Does the description clarify parameter syntax, constraints, interactions, or defaults beyond what the schema provides?

The input schema has 100% description coverage, with clear parameter documentation (guildId, memberId, roleId, reason). The description doesn't add any meaning beyond what the schema already provides, such as explaining relationships between parameters or usage nuances, so it meets the baseline for high schema coverage.

Input schemas describe structure but not intent. Descriptions should explain non-obvious parameter relationships and valid value ranges.

Purpose4/5

Does the description clearly state what the tool does and how it differs from similar tools?

The description clearly states the action ('assign') and target ('a role to a member'), making the purpose immediately understandable. It doesn't differentiate from sibling tools like 'remove_role' or 'modify_member', but it's specific enough to convey the core function without being tautological.

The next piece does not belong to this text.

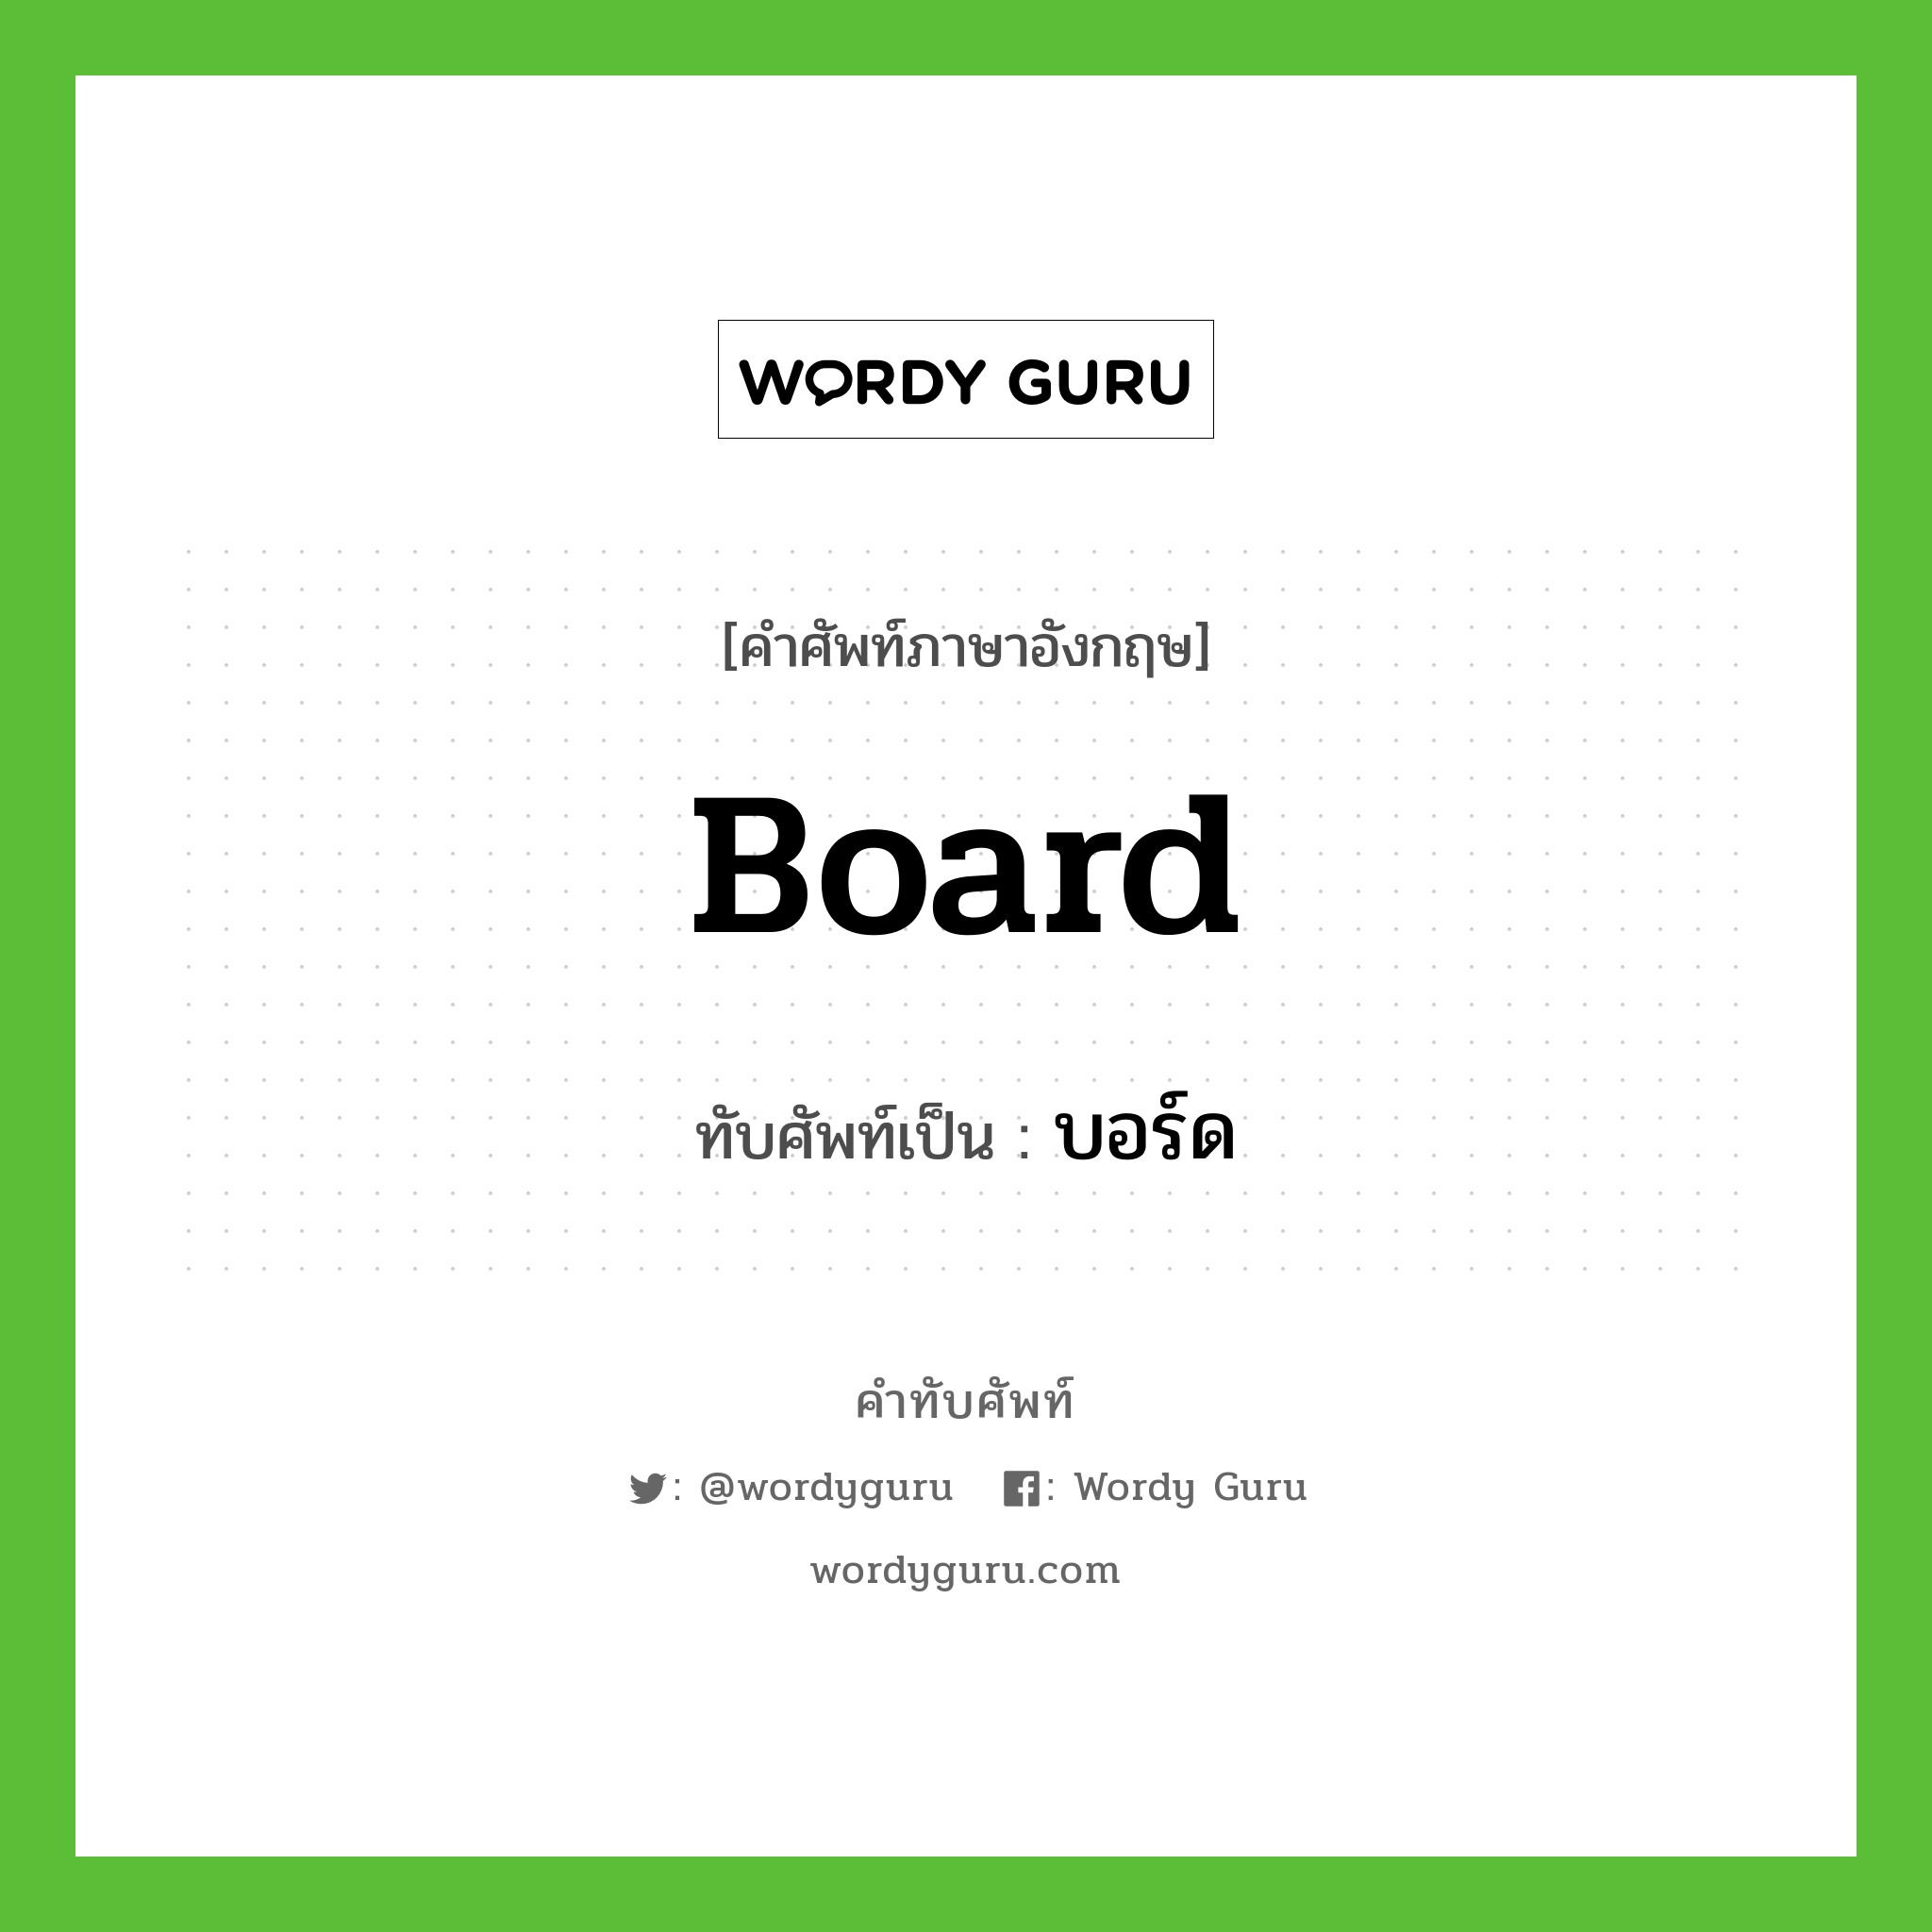 board เขียนเป็นคำไทยว่าอะไร?, คำศัพท์ภาษาอังกฤษ board ทับศัพท์เป็น บอร์ด
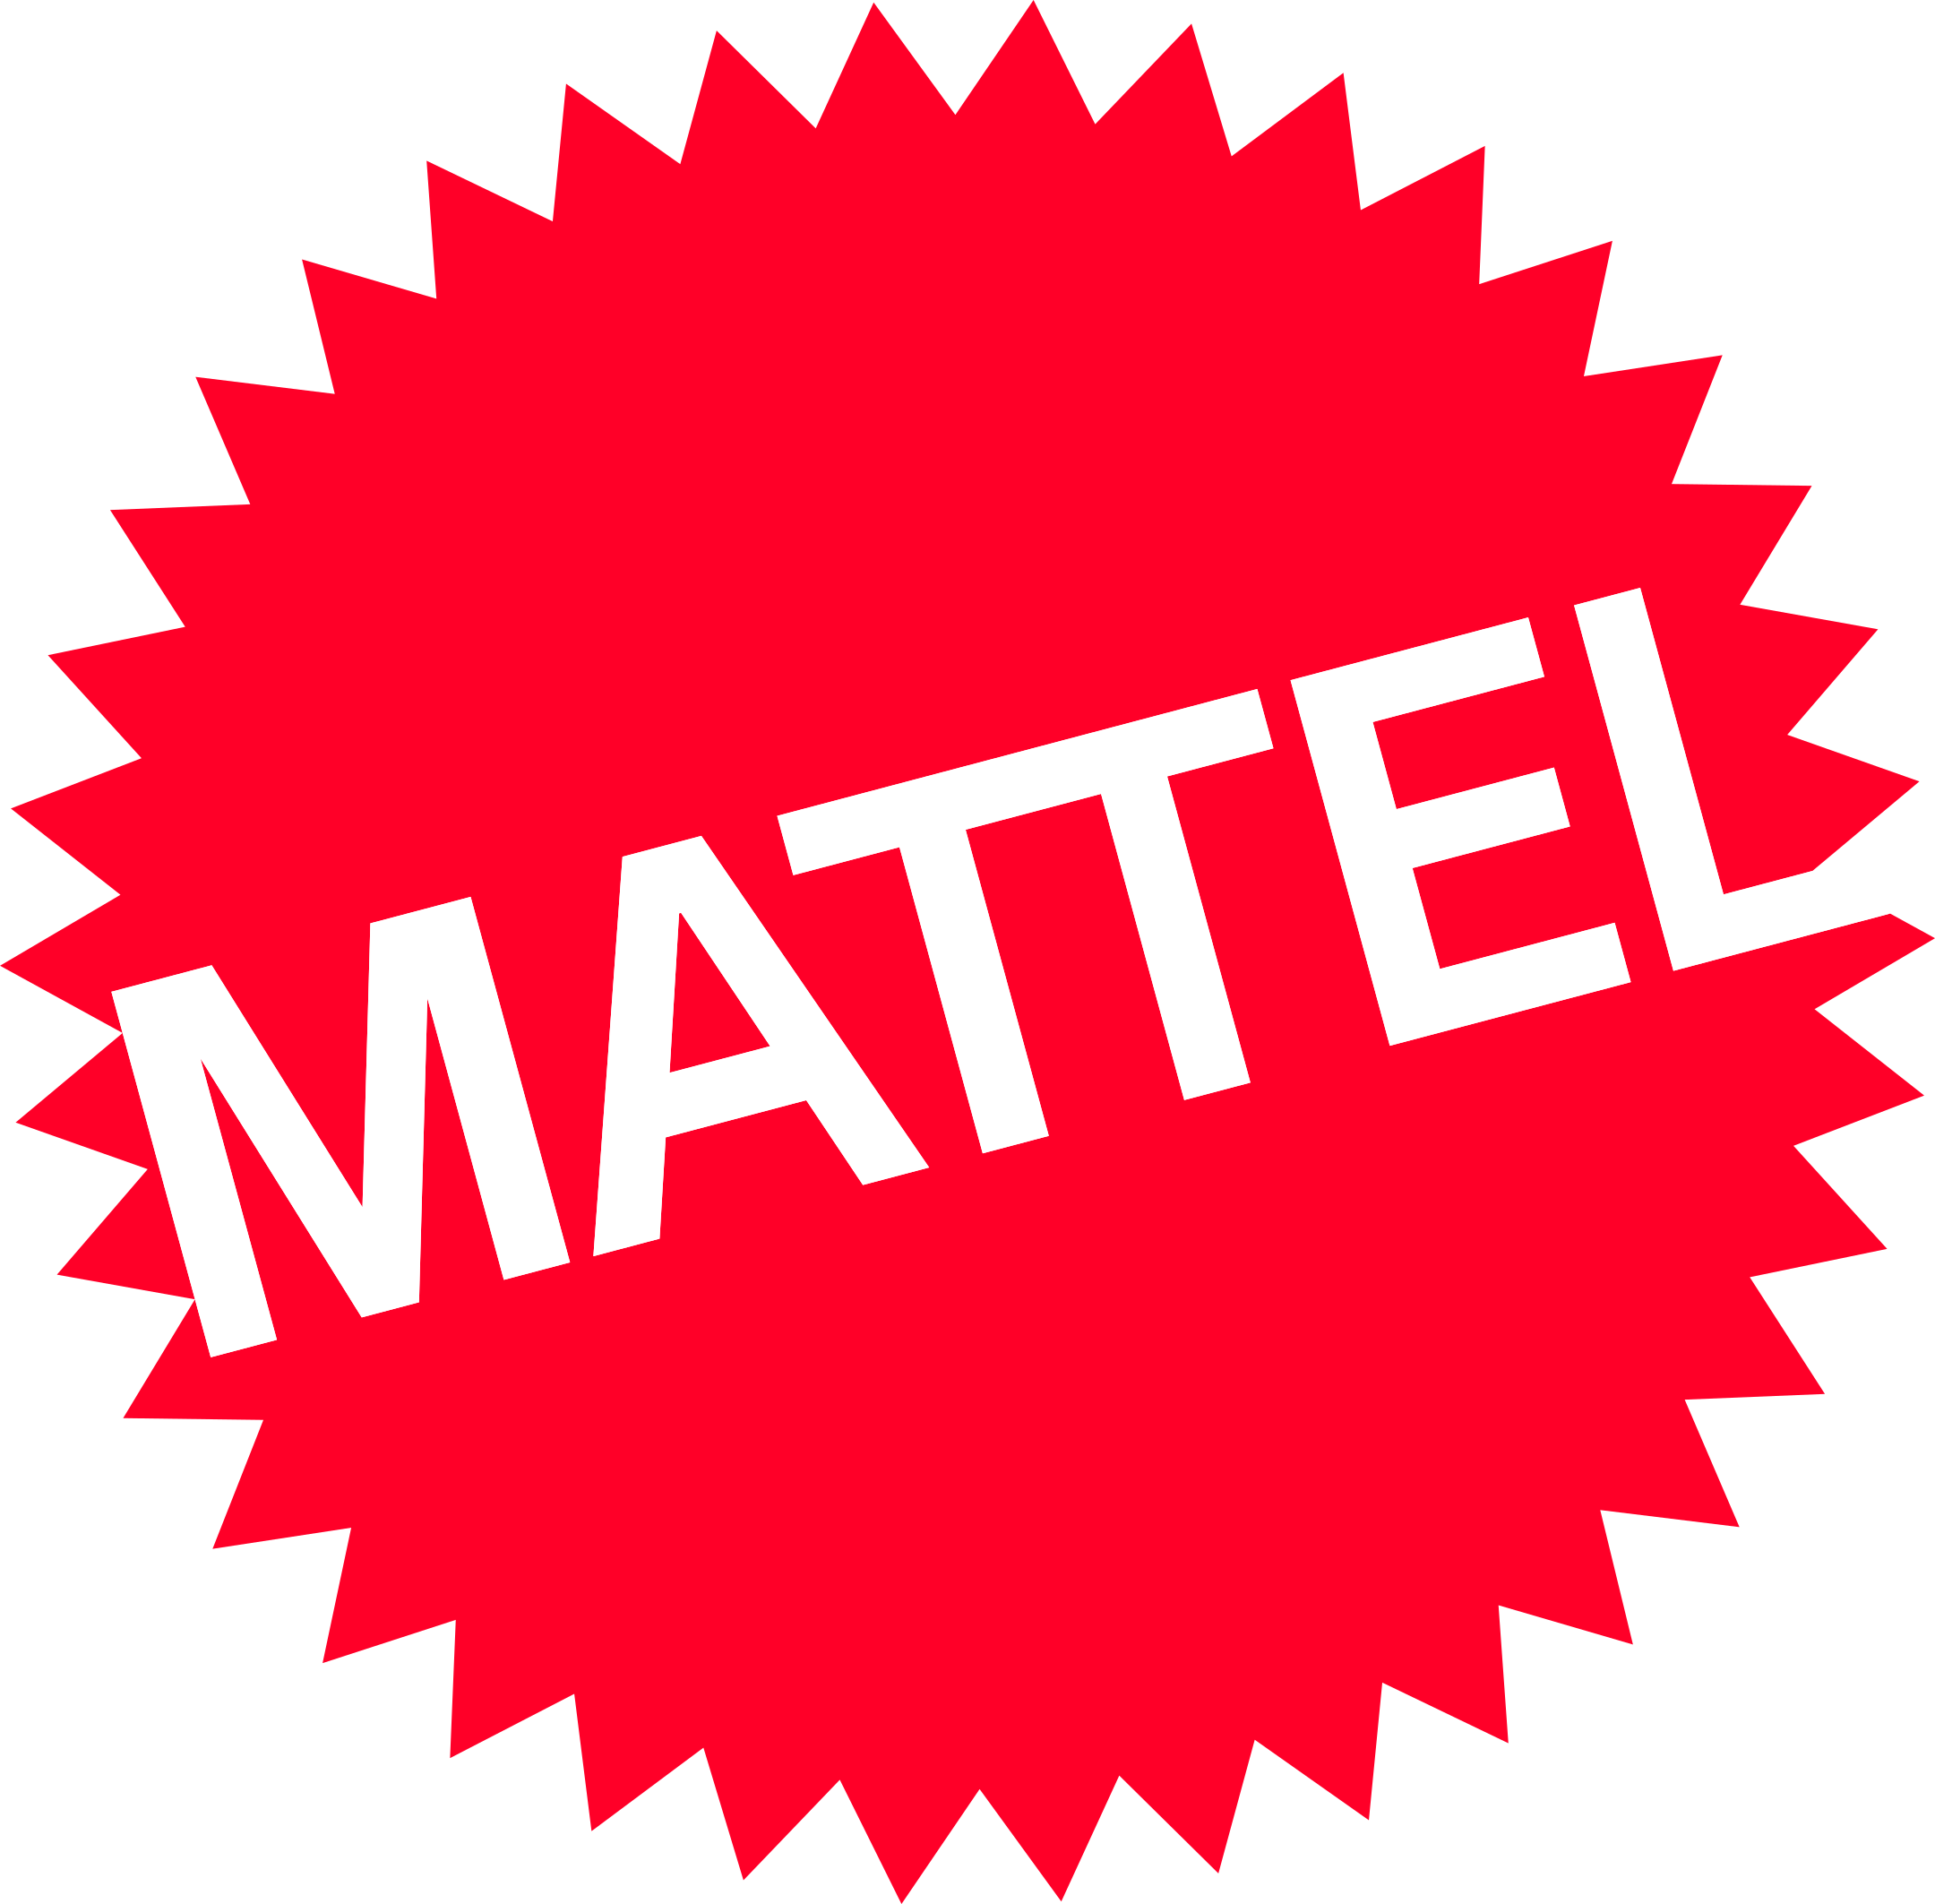 mattel logo 1 1 - Mattel Logo

Agents choose between tools based on descriptions. A clear purpose with a specific verb and resource helps agents select the right tool.

Usage Guidelines2/5

Does the description explain when to use this tool, when not to, or what alternatives exist?

The description provides no guidance on when to use this tool versus alternatives like 'remove_role' or 'modify_member', nor does it mention prerequisites such as required permissions or contextual constraints. It's a bare statement of function without usage context.

Agents often have multiple tools that could apply. Explicit usage guidance like "use X instead of Y when Z" prevents misuse.